How to complete this task: Restate all the data word for word and omit the pictures.

Data extract:

════════════════════

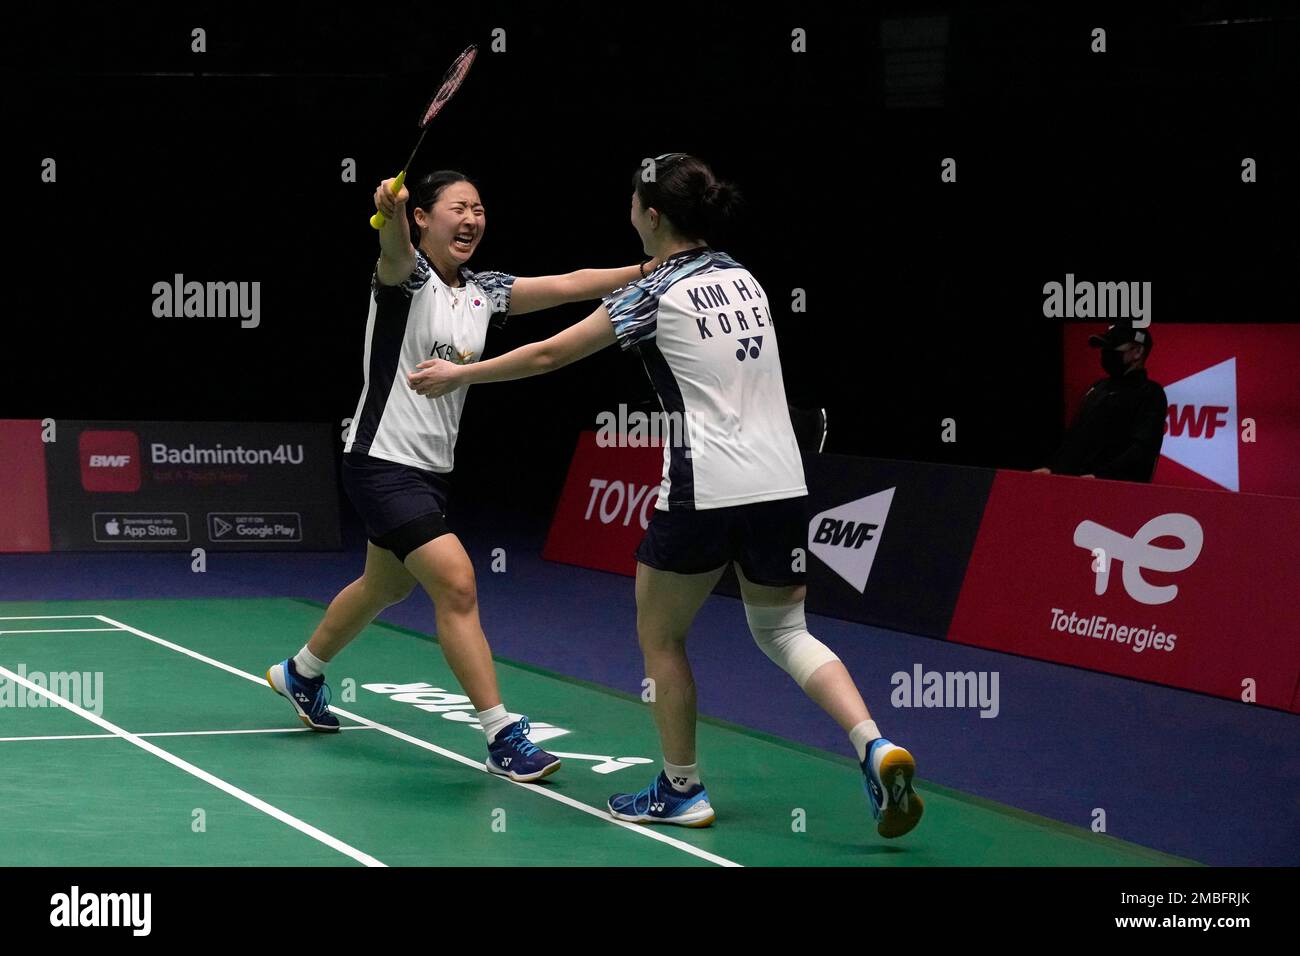 South Koreas Kong Hee-yong, left, and Kim Hye-jeong react after winning over Chinas Huang Dong Ping and Li Wen Mei during their womens double final badminton match at Thomas and Uber Cup
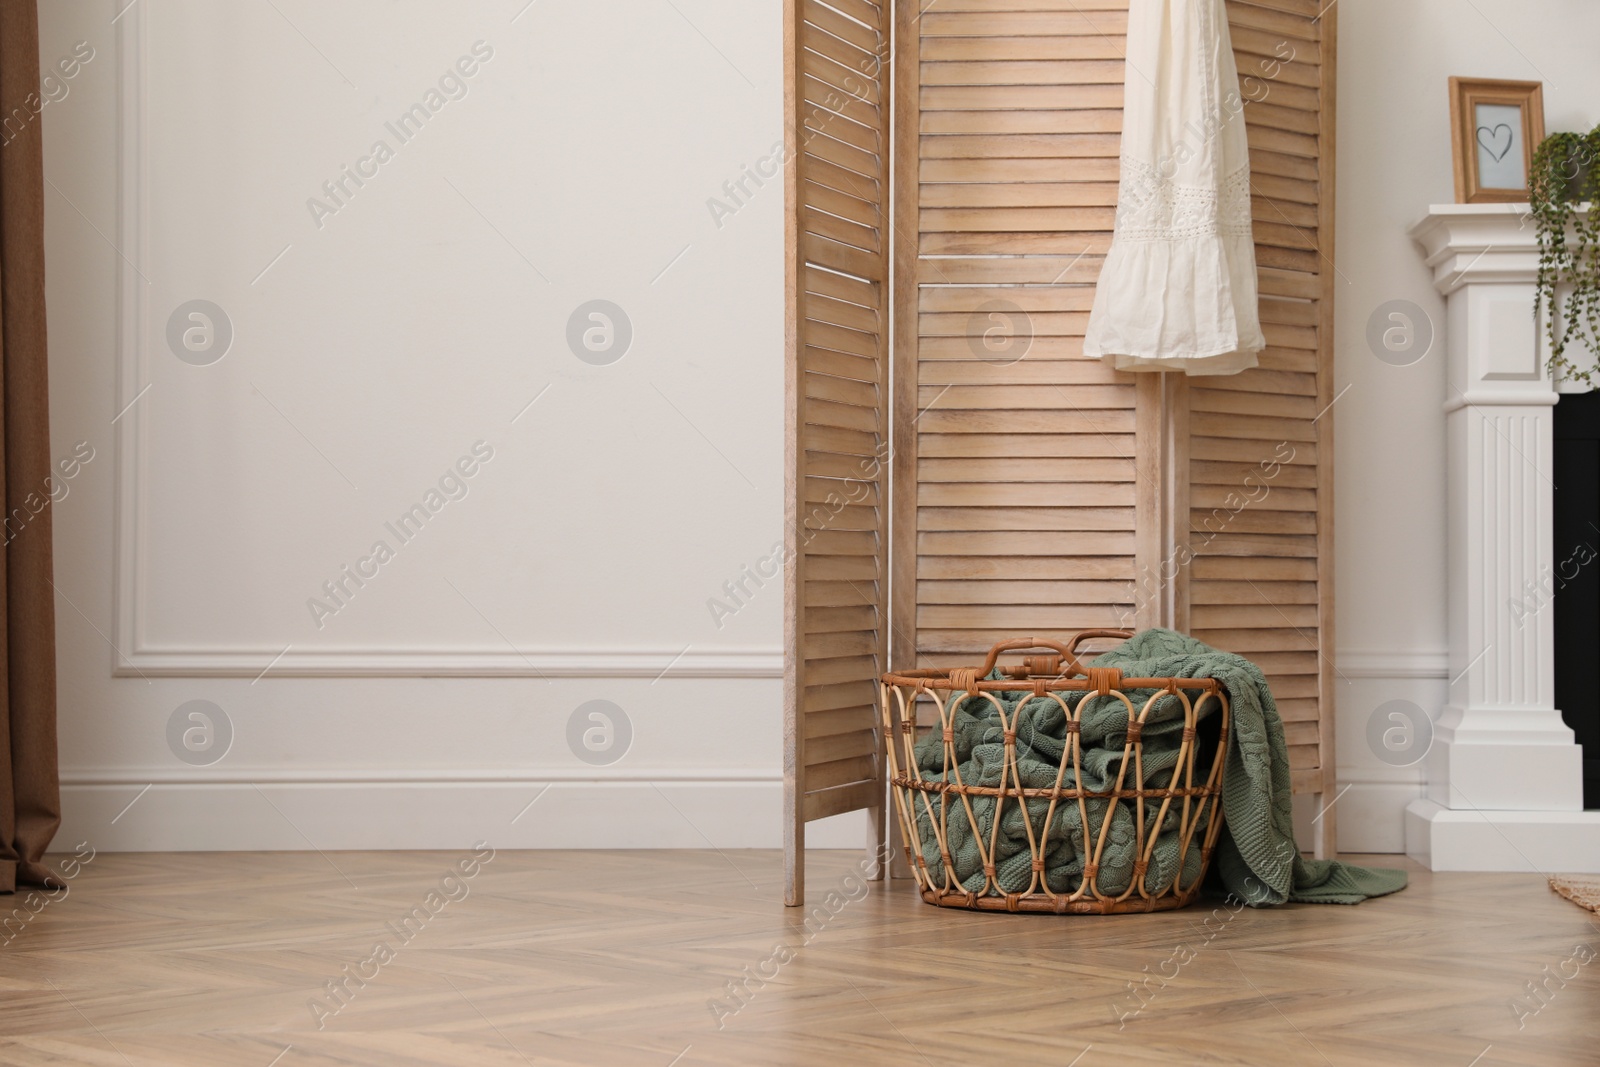 Photo of Wooden folding screen and wicker basket with blanket in room. Interior design
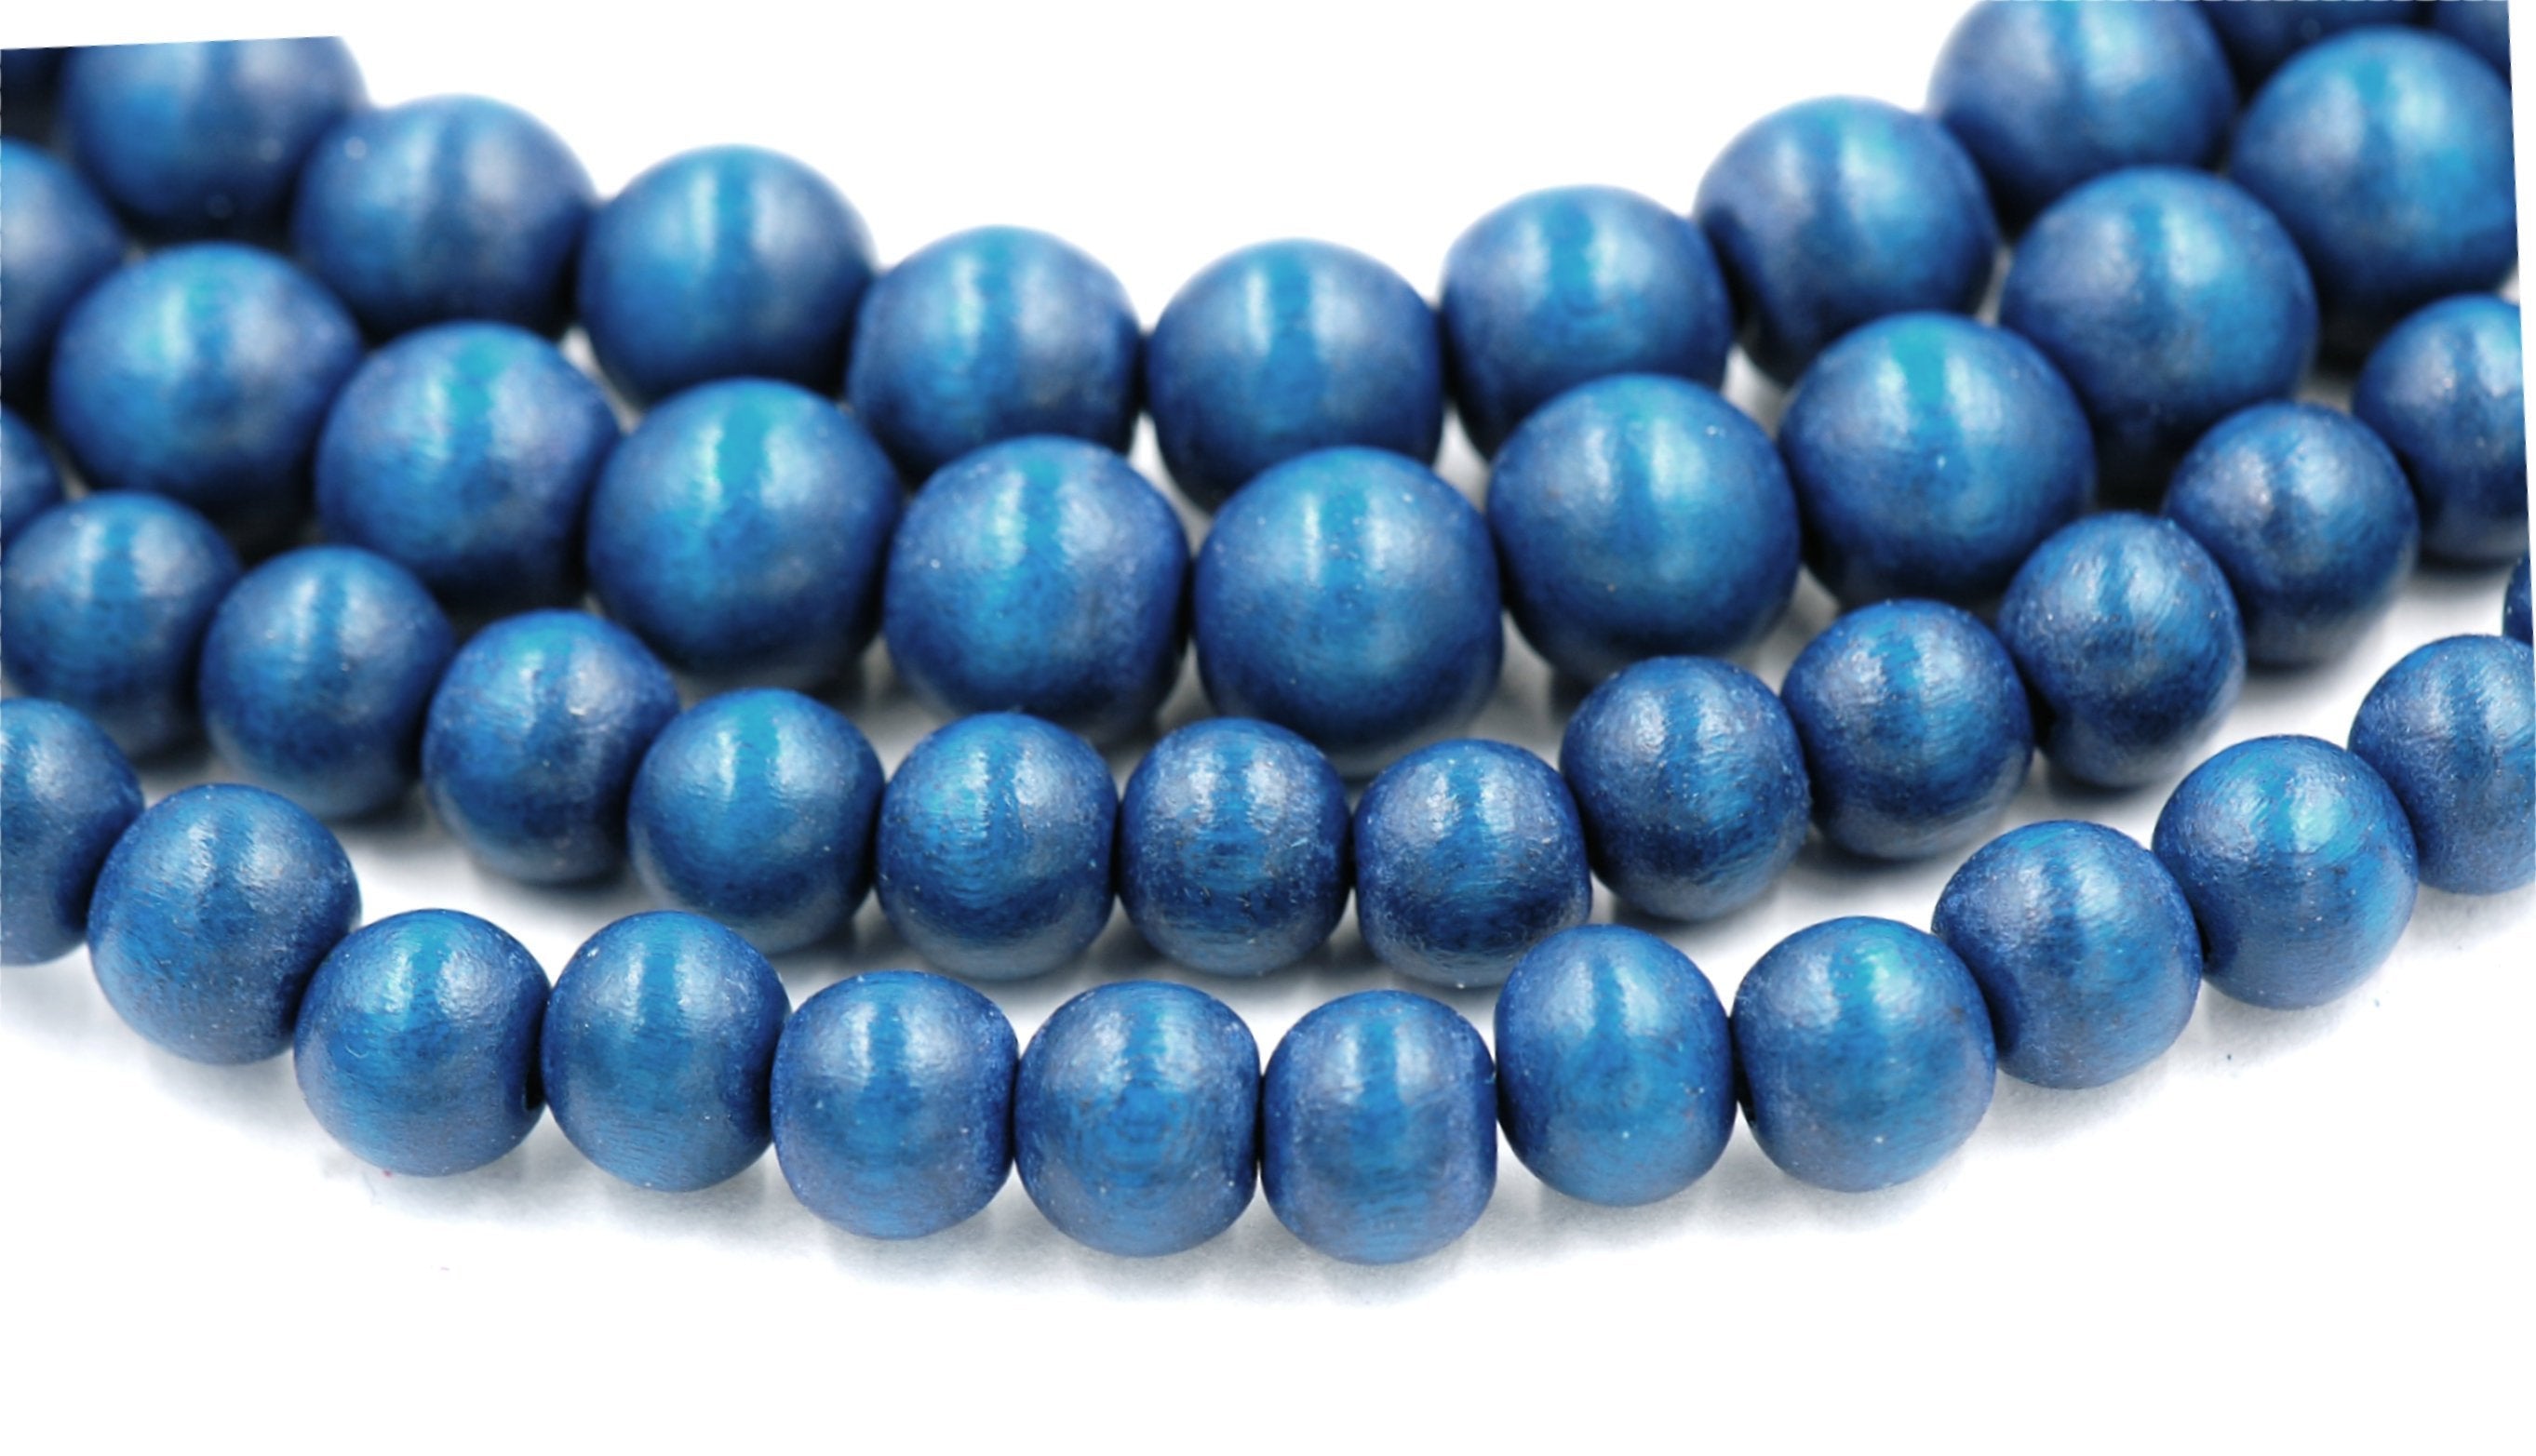 Blueberry Blue Beads 6mm 8mm 10mm Wood beads -16 inch strand

════════════════════

Result of the task:
 South Koreas Kong Hee-yong, left, and Kim Hye-jeong react after winning over Chinas Huang Dong Ping and Li Wen Mei during their womens double final badminton match at Thomas and Uber Cup
 Photo of Wooden folding screen and wicker basket with blanket in room. Interior design
 Blueberry Blue Beads 6mm 8mm 10mm Wood beads -16 inch strand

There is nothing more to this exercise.